Second, after the initial reduction, lrzip compresses the file further by running one of LZMA (default), ZPAQ, LZO, GZIP, and BZIP2 on the reduced data file.

So, I built the package on my x86_64 computer (which required the installation of a few dependencies, but other than that it went okay) and on our AArch64 aarchie server (which, again, needed some dependencies (though some were already installed)). The program ran fine on both systems.

Before we begin tinkering with the code, let’s run some benchmarks on aarchie. We’ll use three files. The first is a text file containing 500MB of text downloaded from Project Gutenberg. The second is a 500MB file composed entirely of random data.

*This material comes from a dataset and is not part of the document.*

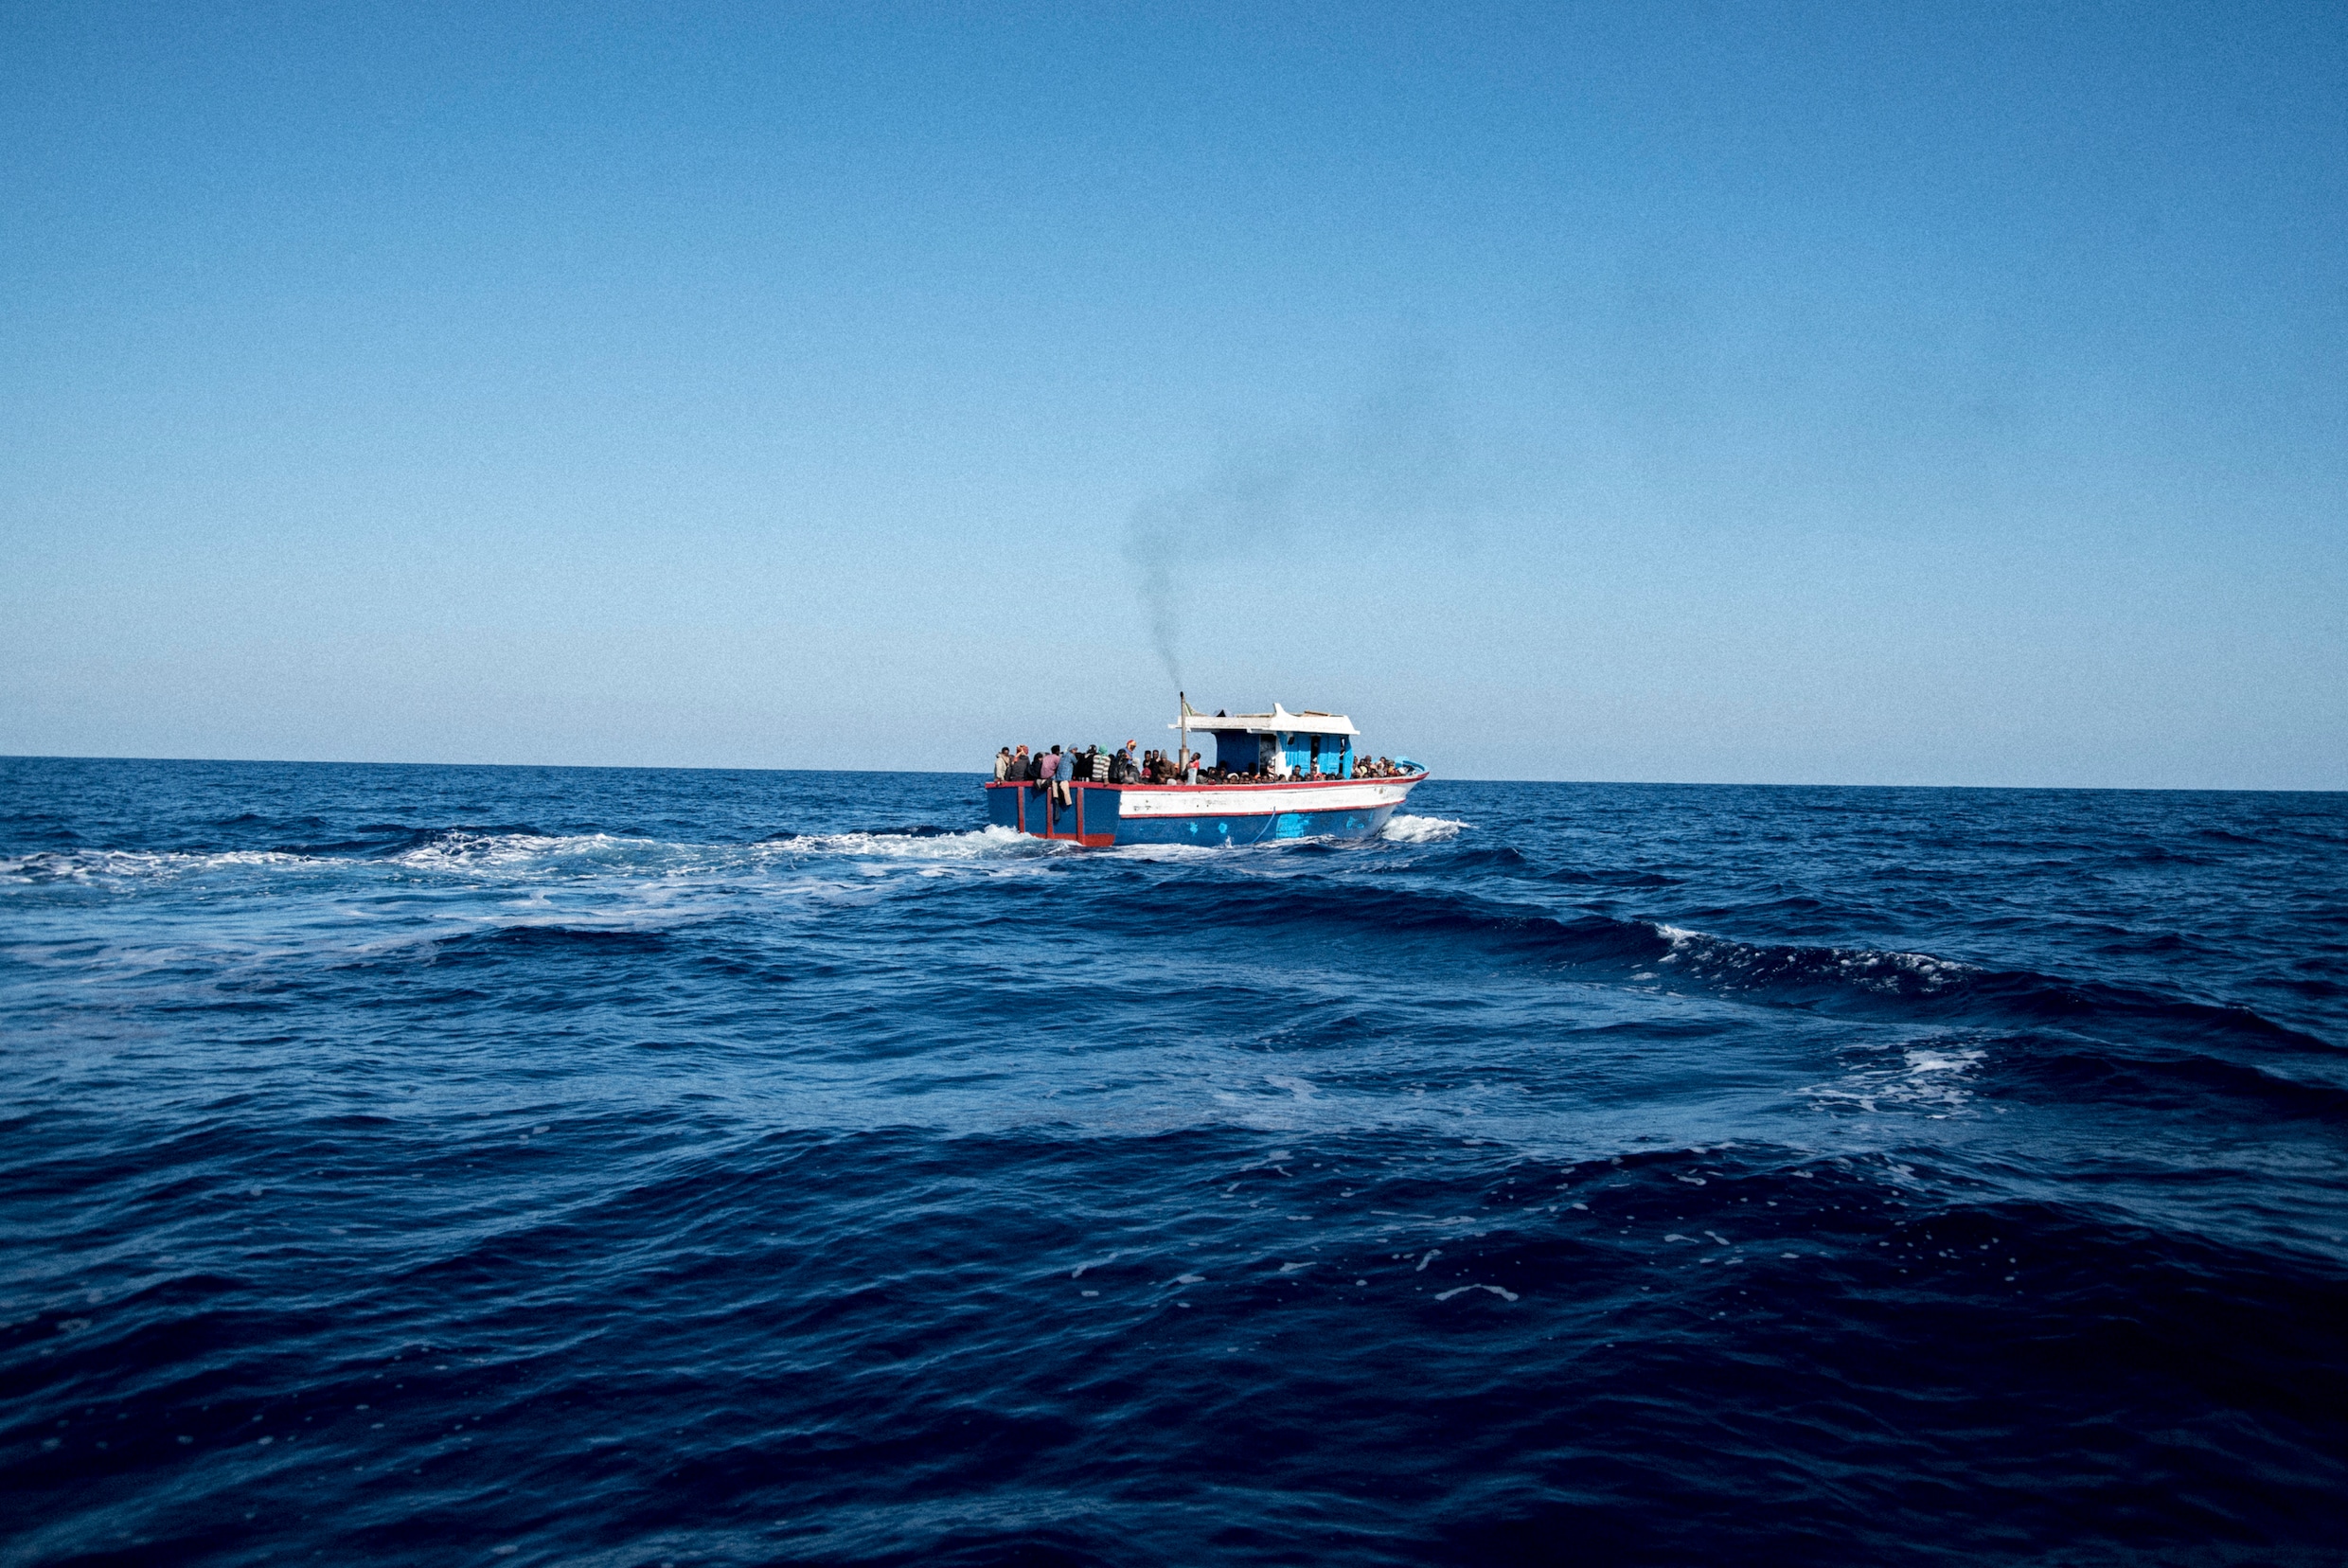 49 doden bij bootramp voor de kust van Jemen, 140 opvarenden nog vermist

The third is a 500MB file composed entirely of zero data.

[atopala@aarchie lrzip-0.621]$ time ./lrzip text
Output filename is: text.lrz
text - Compression Ratio: 3.918. Average Compression Speed:  1.217MB/s.
Total time: 00:06:50.91

real	6m50.924s
user	49m2.940s
sys		0m9.290s
[atopala@aarchie lrzip-0.621]$ time ./lrzip random 
Output filename is: random.lrz
random - Compression Ratio: 1.000. Average Compression Speed:  6.329MB/s.
Total time: 00:01:18.78

real	1m18.796s
user	1m34.520s
sys		0m2.960s
[atopala@aarchie lrzip-0.621]$ time ./lrzip zero
Output filename is: zero.lrz
zero - Compression Ratio: 7003.299. Average Compression Speed:  6.024MB/s.
Total time: 00:01:22.92

real	1m22.933s
user	5m17.620s
sys		0m2.490s

The text file took much longer than the others, and it used 23.9% of the memory on aarchie. Compressing the random file required the use of only about 7% of the memory on aarchie. Compressing the zero file, which has a lot more duplicate data to compress, used much more memory, peaking at about 34.5% on aarchie. The text file also took much more user time to compress in comparison to the other files and as compared to the real time, so it was taking greater advantage of parallel processing; the zero file also was compressed using multiple threads. The vast majority of the time was spent in user mode; time spent in the kernel is negligible.

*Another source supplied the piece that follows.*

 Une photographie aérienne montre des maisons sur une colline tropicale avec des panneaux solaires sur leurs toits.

So, the goal is to beat these benchmarks. Maybe a way to recognize incompressible data could speed up the processing of the random file; or maybe a method to detect extremely large runs of identical data quickly could help with the zero file. The important file, though, is the text file, and ideally we would improve the runtime of its compression. Setting the lzma level to 9 (the default is 7) brings the compression ratio up to 4.029 (a minor but not insignificant improvement) but takes twice as long; maybe this could be sped up.

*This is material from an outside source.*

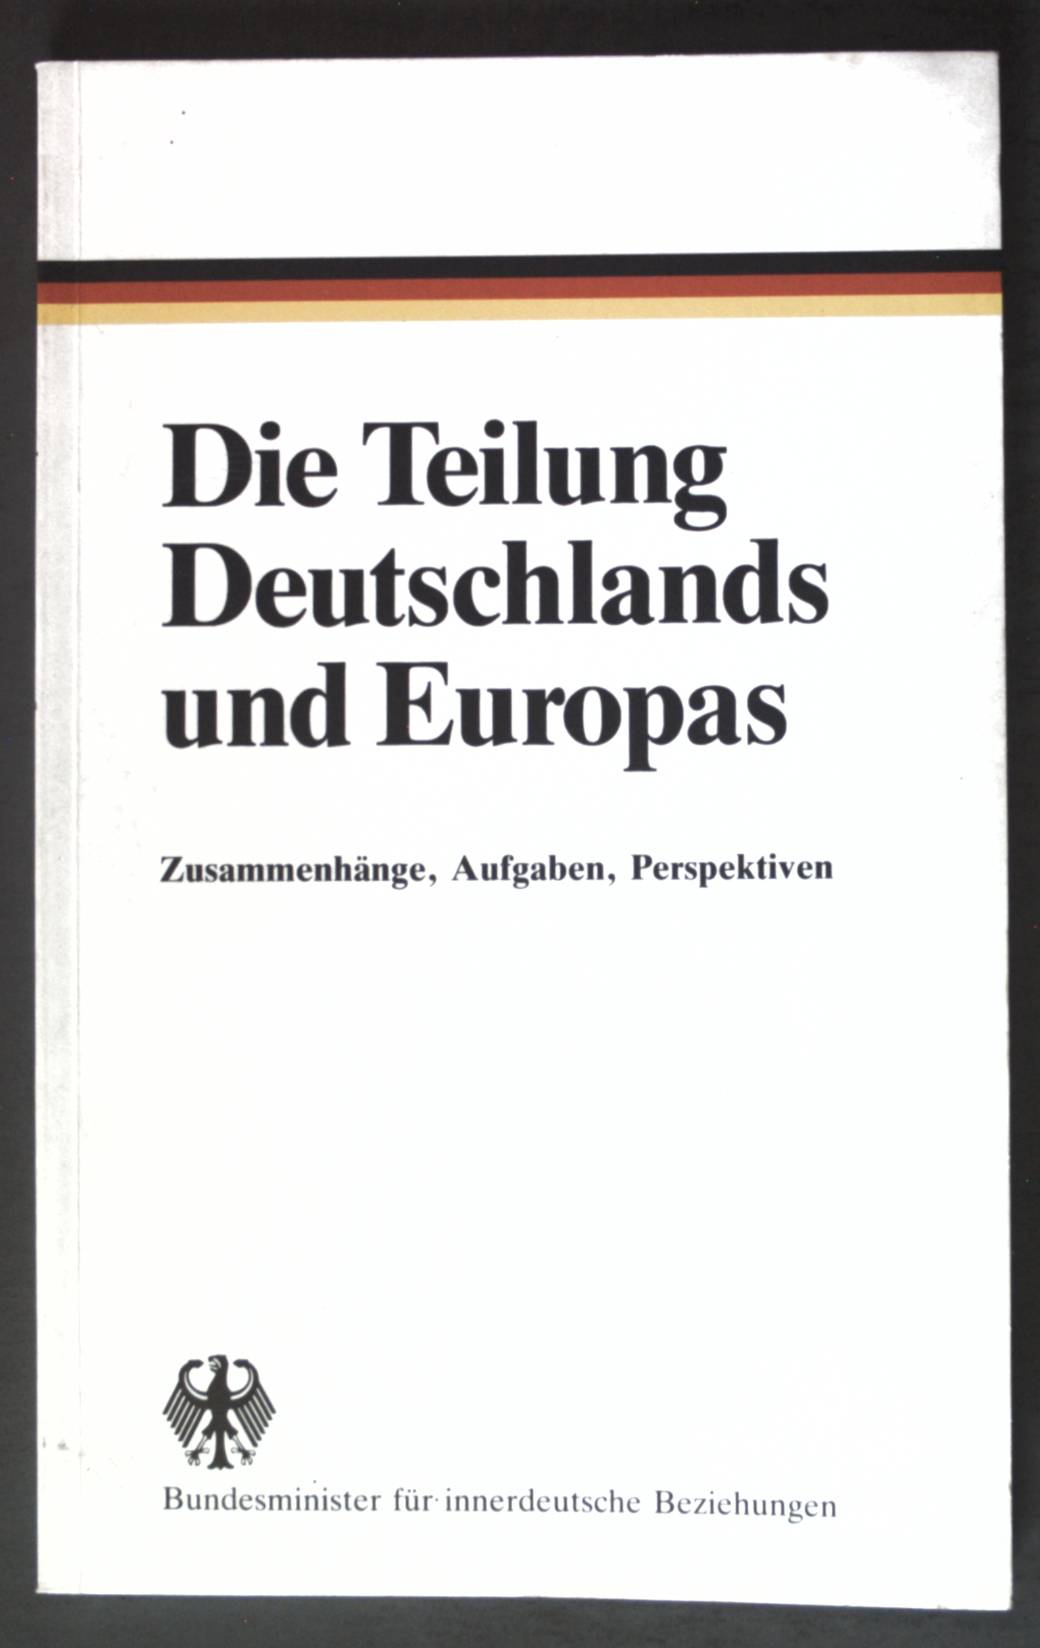 Die Teilung Deutschlands und Europas : Zusammenhänge, Aufgaben, Perspektiven. - Unknown Author

So, apart from improving the algorithm (which, I think, is very unlikely, since lrzip has been receiving regular updates as recently as last year so the algorithm should be pretty close to perfect barring potential oversights) and changing build options (which might not prove fruitful, since the autogen sets the default optimization level to 2, and further optimizations might have a negative impact; but this is probably a good area to work in since I don’t think lrzip has been built with AArch64 in mind) these are potential areas of improvement:

-lrzip uses x86 and x86_64 assembly language files that optimize CRC computation. Maybe we could rewrite the files for AArch64. As of now, “if you don’t have the nasm assembler or have a ppc or other non-x86 system, the standard C CRC routines will be compiled and linked in.” The TODO file suggests that the x86_64 version of the assembly code doesn’t work, so that might need fixing. However, the TODO file also suggests that this is of a low priority.
-the program crashes with the -z flag (ZPAQ optimization) on aarchie, claiming “Illegal instruction” after starting the first thread to compress a piece of data. This occurs on betty as well. It doesn’t happen on x86_64. I am not yet sure of the cause, or if it something that happens on AArch64 systems in general, but if it is a bug on AArch64 then I think this should become my main focus.

I’ll begin with the ZPAQ bug (or what I think might be a bug, at least), and if that doesn’t pan out then I’ll try to edit some of the build options and code to optimize it for AArch64 (since I figure that there may be other people working on lrzip, but most might not have access to an AArch64 machine). If that doesn’t work out either, I’ll try to optimize the C code, and if I can’t do that I’ll work on the (low-priority) assembly language files.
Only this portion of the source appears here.